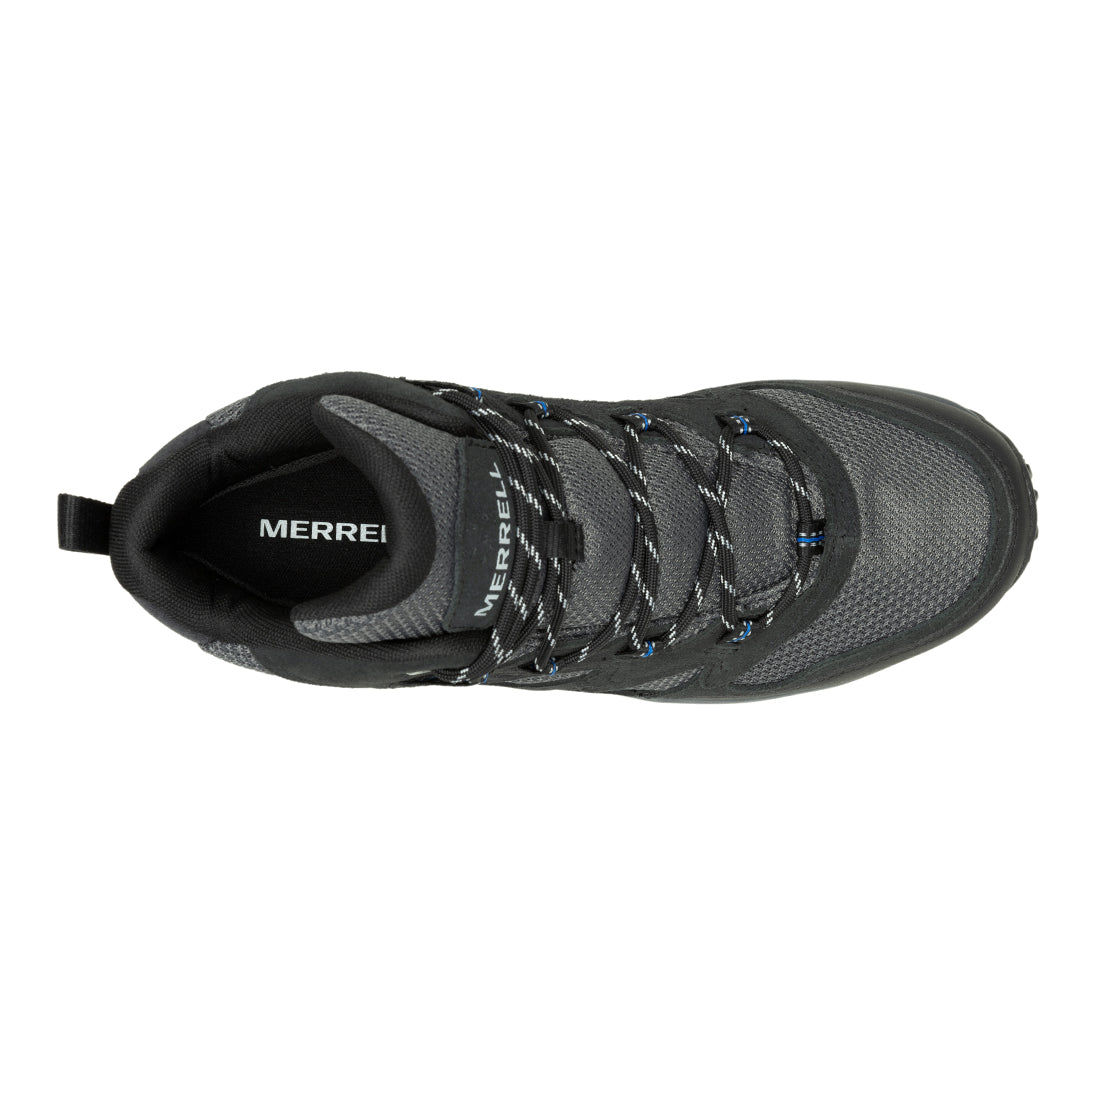 West Rim Mid Waterproof -Black/Blue Mens Hiking Shoes
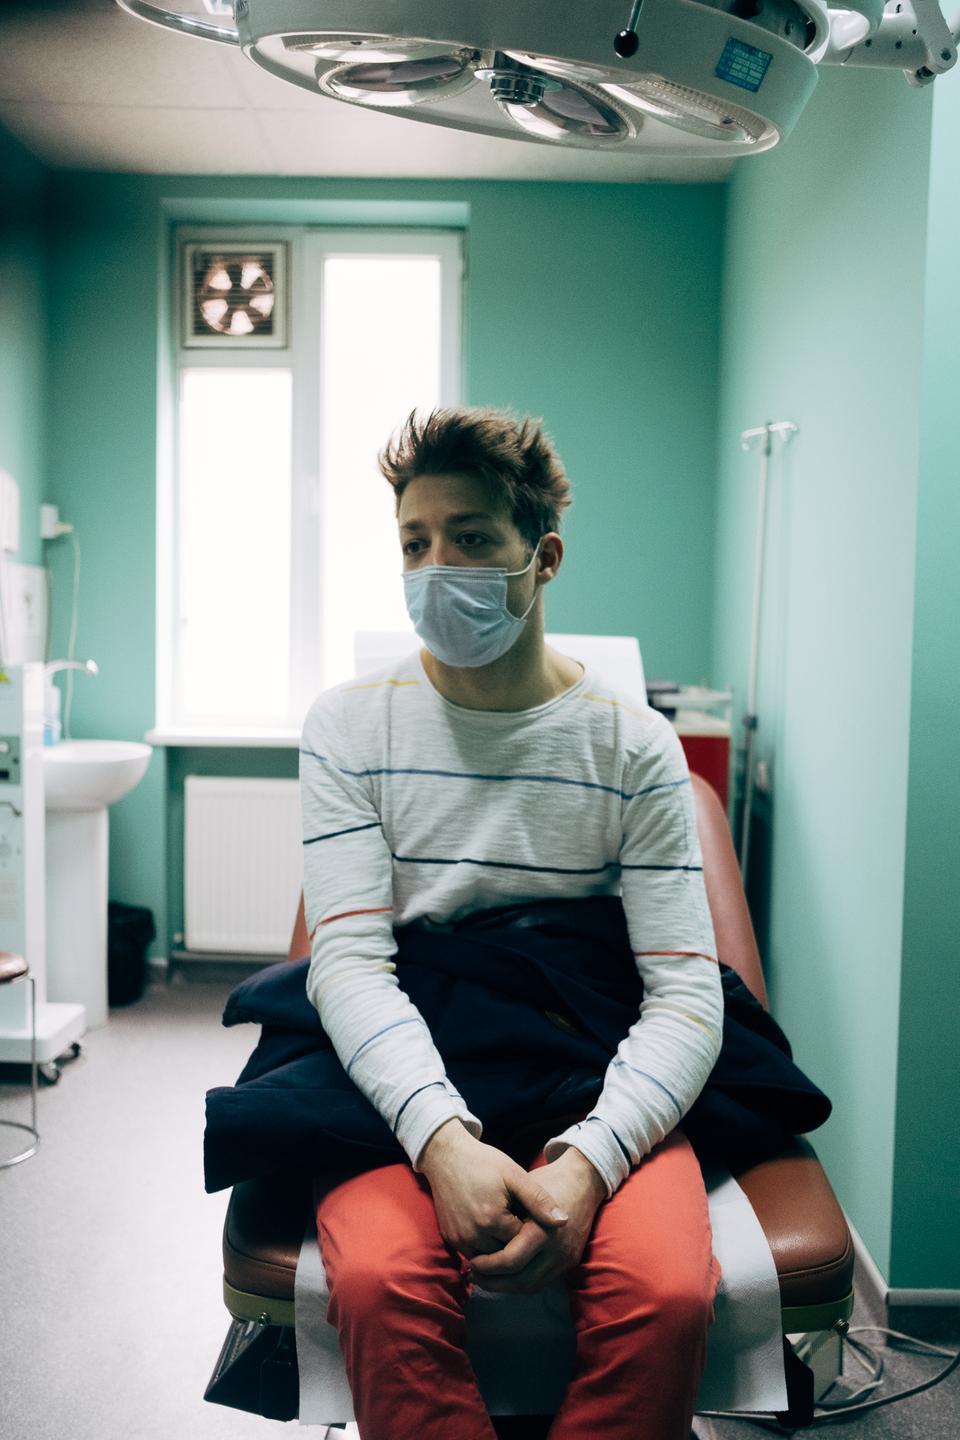 Ein junger Mann sitzt mit Maske auf einem Behandlungsstuhl.
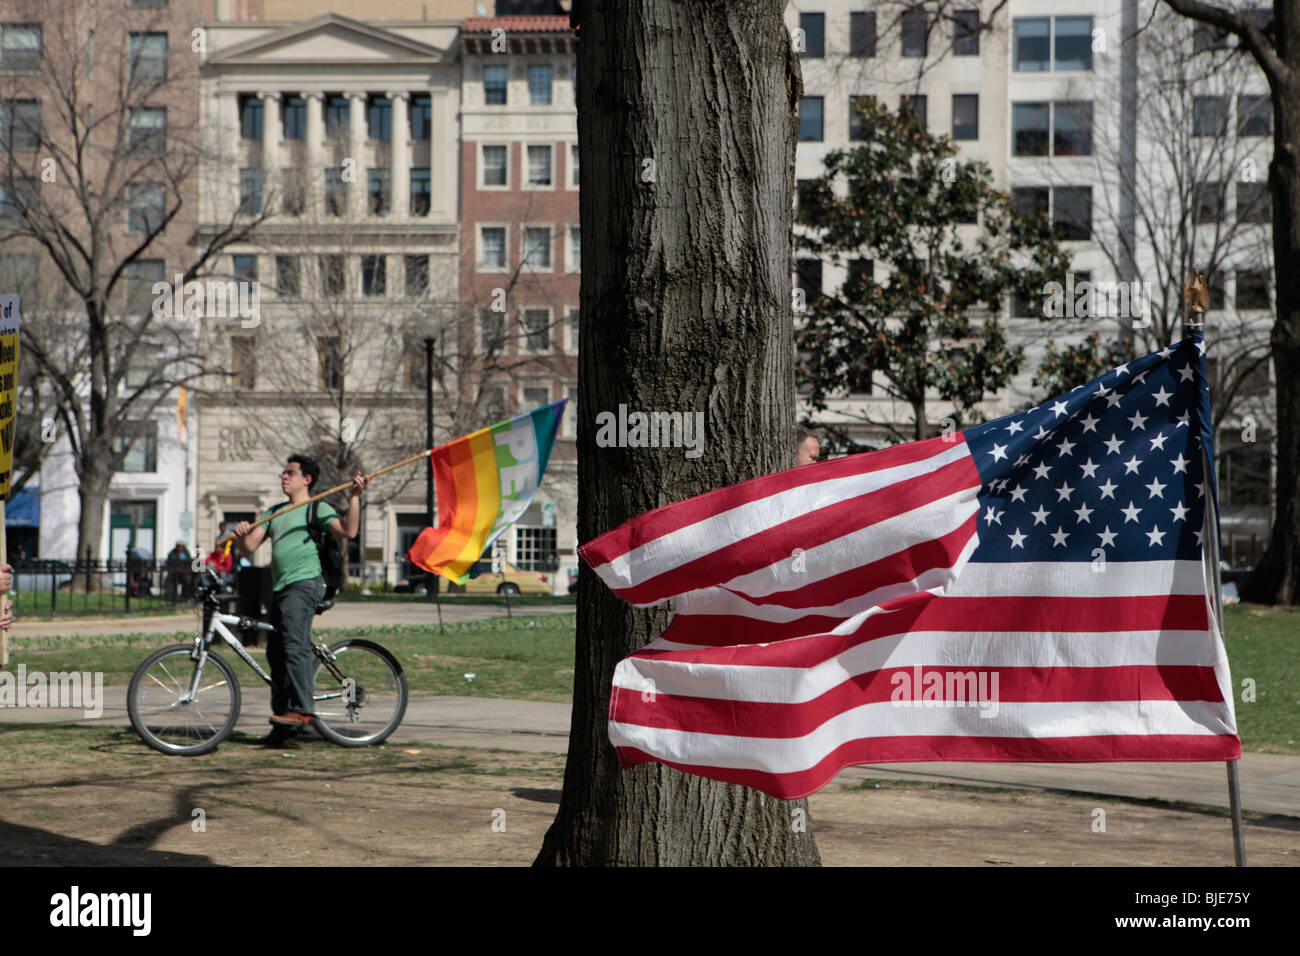 Drapeau américain et un drapeau de la paix dans la région de Lafayette Park, près de maison blanche. Manifestation anti-guerre. Marche sur Washington. 20 mars, 2010 Banque D'Images
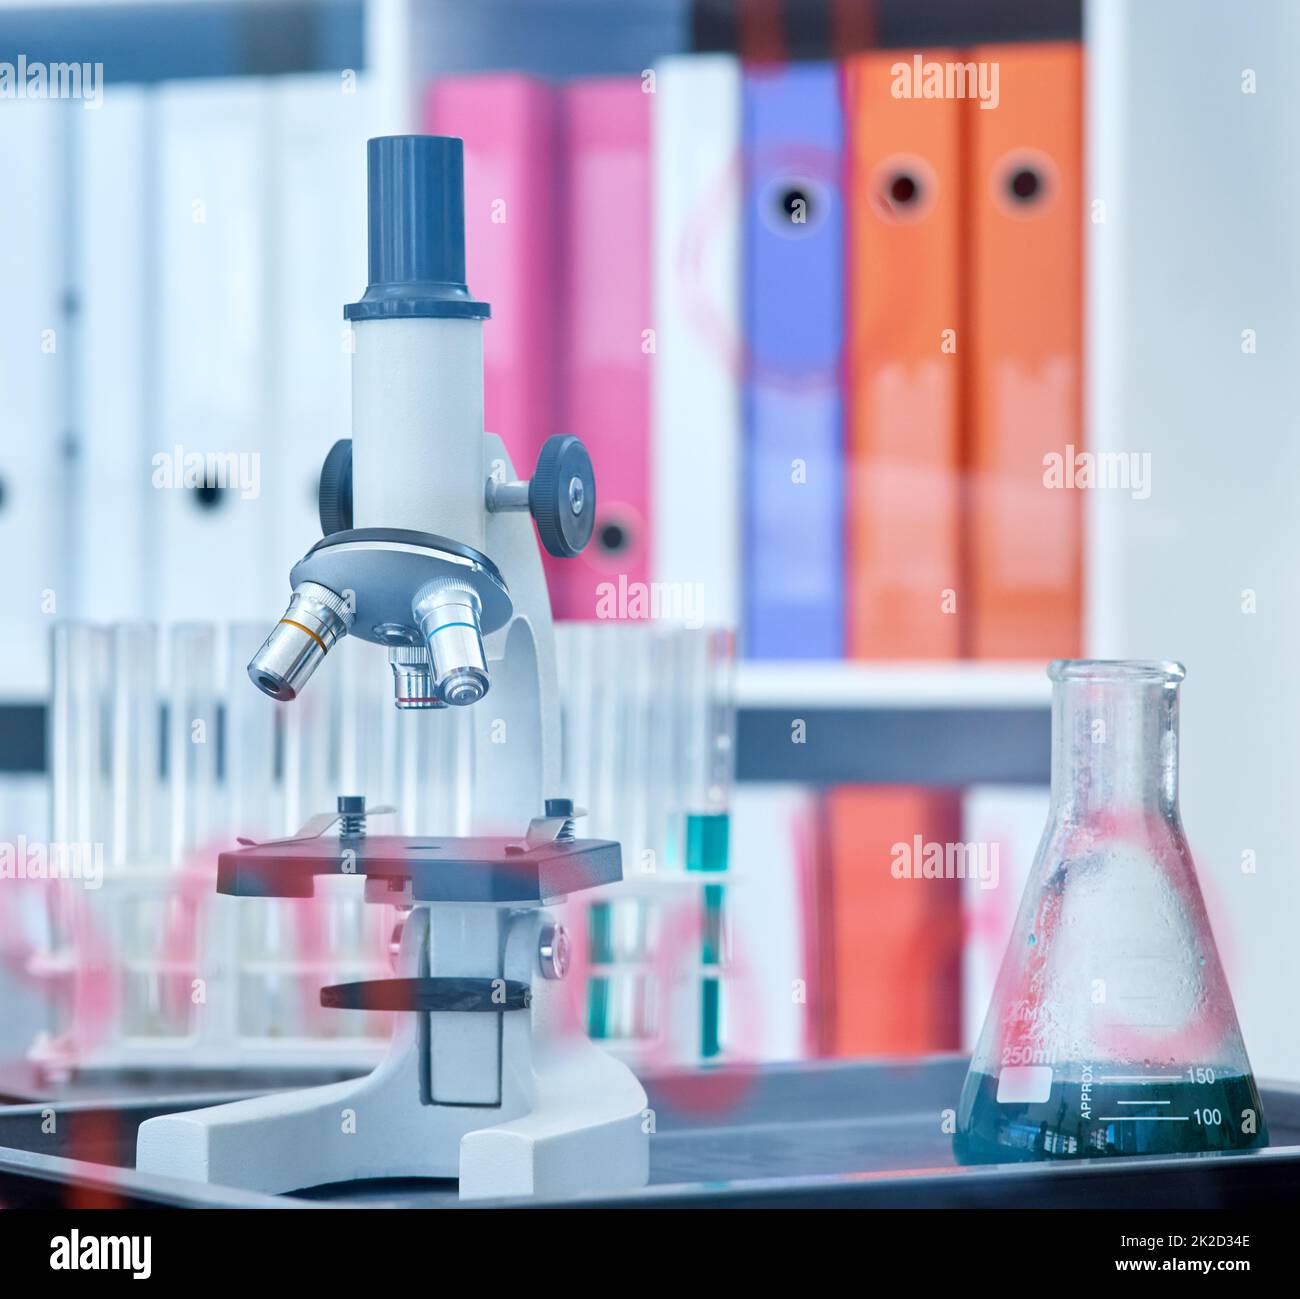 Chaque expérience favorise la découverte et l'apprentissage. Gros plan d'un microscope et d'un bécher dans un laboratoire. Banque D'Images
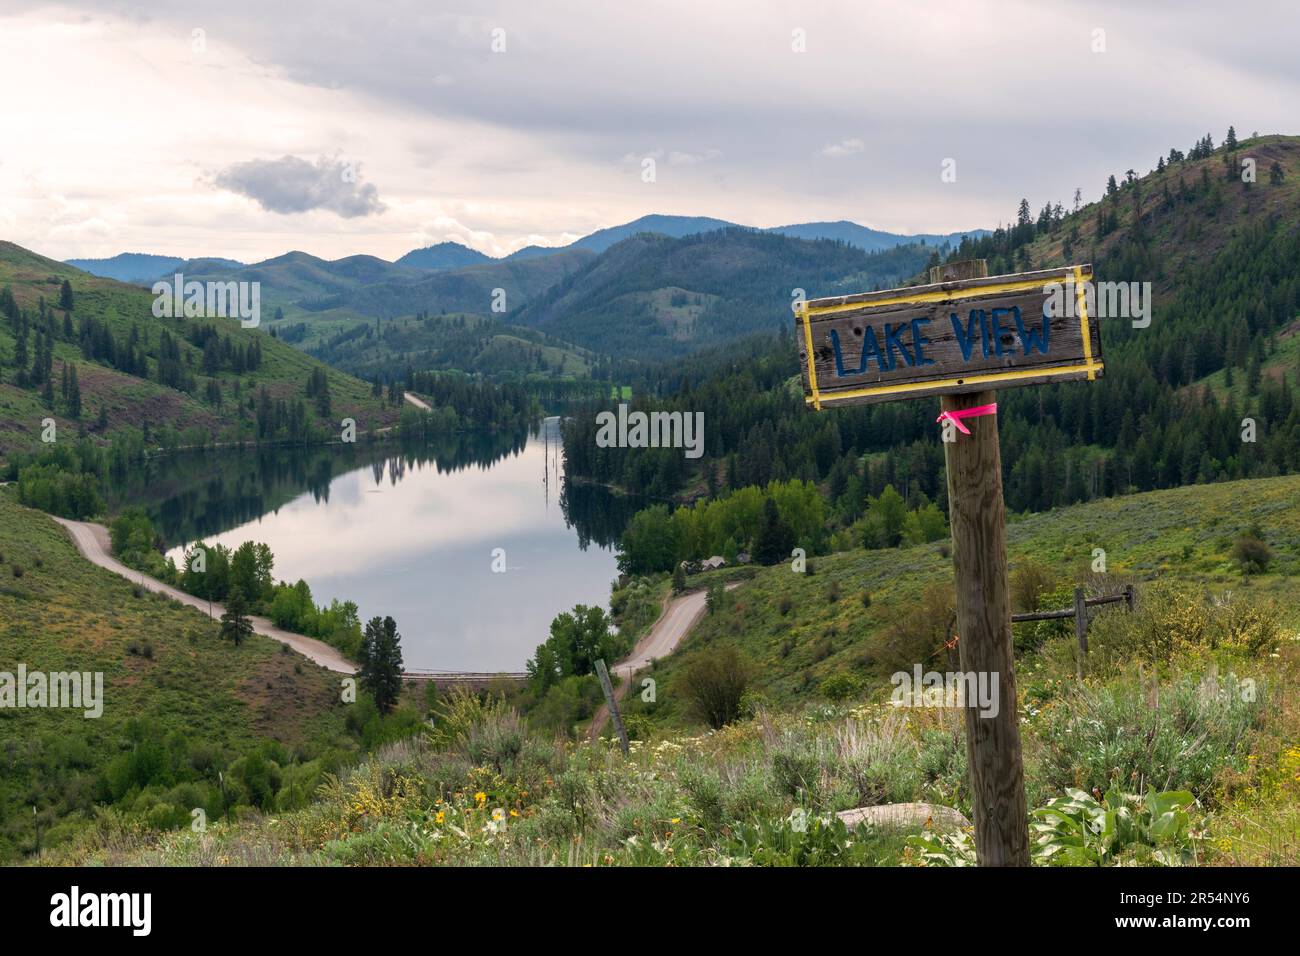 Un cartello con la scritta "Lake View" si affaccia sul lago Patterson e sulle colline circostanti della catena montuosa North Cascade vicino a Winthrop, Washington. Foto Stock
━━━━━━
# WORK ITEM
Output verbatim the lines beginning at the line with "Ein junger Mann" and ending at the last line of the material above, inclusive. Do not carry over any pictures.

# SOLUTION TO THE PROBLEM
 Ein junger Mann sitzt mit Maske auf einem Behandlungsstuhl.
 Drapeau américain et un drapeau de la paix dans la région de Lafayette Park, près de maison blanche. Manifestation anti-guerre. Marche sur Washington. 20 mars, 2010 Banque D'Images
 Chaque expérience favorise la découverte et l'apprentissage. Gros plan d'un microscope et d'un bécher dans un laboratoire. Banque D'Images
 Un cartello con la scritta "Lake View" si affaccia sul lago Patterson e sulle colline circostanti della catena montuosa North Cascade vicino a Winthrop, Washington. Foto Stock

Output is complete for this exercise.